The Mother-in-Law’s Guide to Software Testing

This is part of my Mother-in-Law’s Guide to Technology. My Mother-in-Law is a very smart woman even if she isn’t a “computer person.” The goal of this series is to take some big and treacherous sounding ideas and bring them down to earth.

Dearest Mother-in-Law,

Remember when you had kids and you told them to do stuff. And remember how they used to do what you told them but that wasn’t always what you intended them to do? Well, that’s the way computer programs work.

Just like kids, computer programs will do what you tell them, but beyond that, all bets are off. They don’t do anything that directly contradicts what you said but that doesn’t mean they’ll do what you want them to do.

That’s why you need test kids (or computer programs). Once you give them instructions, you need to make sure that these instructions are understood and that the kids will carry out the spirit of the instructions, not just the letter of them. You also need to make sure that the kids will know what to do in ambiguous situations and that the kids are positioned well to defend against any bad actors. You do this by testing the kids by watching them perform the task once or twice in a variety of circumstances. It’s much better to find out any problems or ambiguity in your instructions before the kids are sent out into the wild.
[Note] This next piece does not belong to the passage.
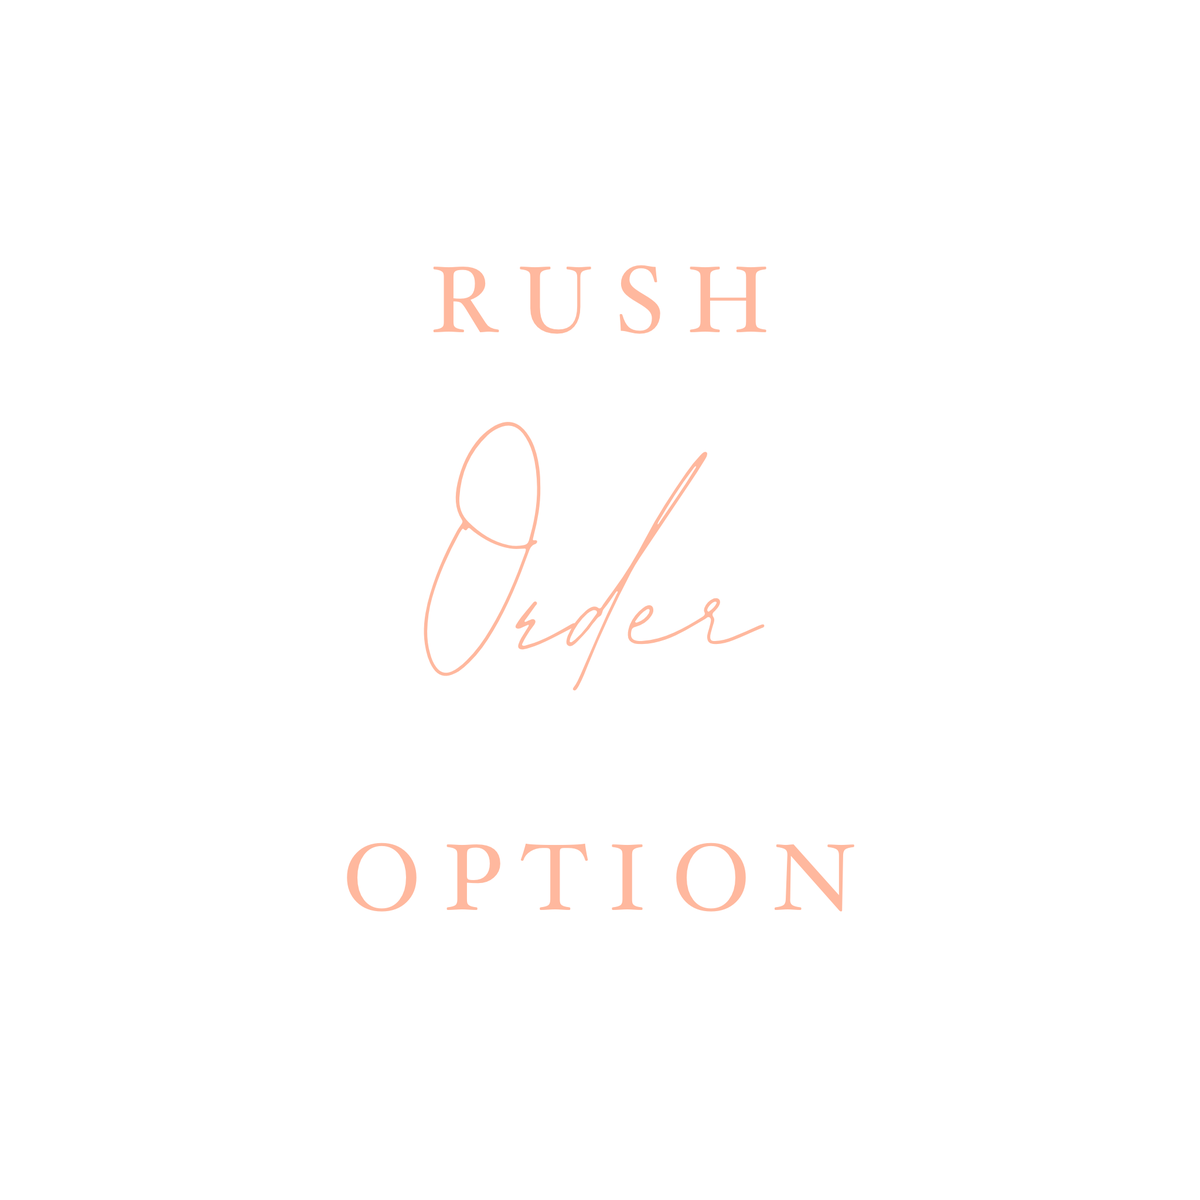 Image of Rush option

Let’s look at two kinds of kids that are representative of common software errors. There are many others, but these are two of the big ones. Testing allows you to find these errors early in the process, preventing these issues from causing big problems later on.

The Happy Path Kid

This kind of kid is naively optimistic. He also may not be very bright. When you tell him something he always says, “Of course. Sure. I can do that!” But he almost certainly doesn’t understand all the nuances of what you want him to do. If the instructions don’t exactly match the situation he’s in, trouble quickly ensues. For example, imagine this situation:

You yell at him, “That was so dangerous. I told you never to cross the street when the light is red. What were you thinking! You almost killed yourself!”

Only to hear him say back, “But there was no red light. In fact, there was no light at all.  So I crossed the street.”

When thinking about the Happy Path kid, make sure you examine all of the possible ambiguous situations so that he (or the program) doesn’t run into any confusing situations.

The Adversary

Then there’s the kid who intentionally tries to skirt the rules. He’s far more clever than you are. He doesn’t break any rules but you’re continually surprised how he can turn a little imprecision into a HUGE opportunity for misadventure. He’s the kind of kid who always wins at Scrabble because he’s looking up all the words on his phone. You assumed he wouldn’t do that but you never SAID he couldn’t.

While the Happy Path Kid may encounter ambiguous situations and be led astray, the Adversary will look for weaknesses in your system and figure out how to exploit them.

Here are two stories from my time at Yale where I ran into real-life examples of these “problem children.”

The Happy Path Problem: Heads

This situation came up during my freshman year. It was a beautiful day and we were sitting outside in a seminar called “Perspectives on Science.” As we were sitting on the lawn under a tree, one of my classmates was performing a demonstration of how probability works. If you flip a coin a large number of times, half of the time will be heads and the other half tails.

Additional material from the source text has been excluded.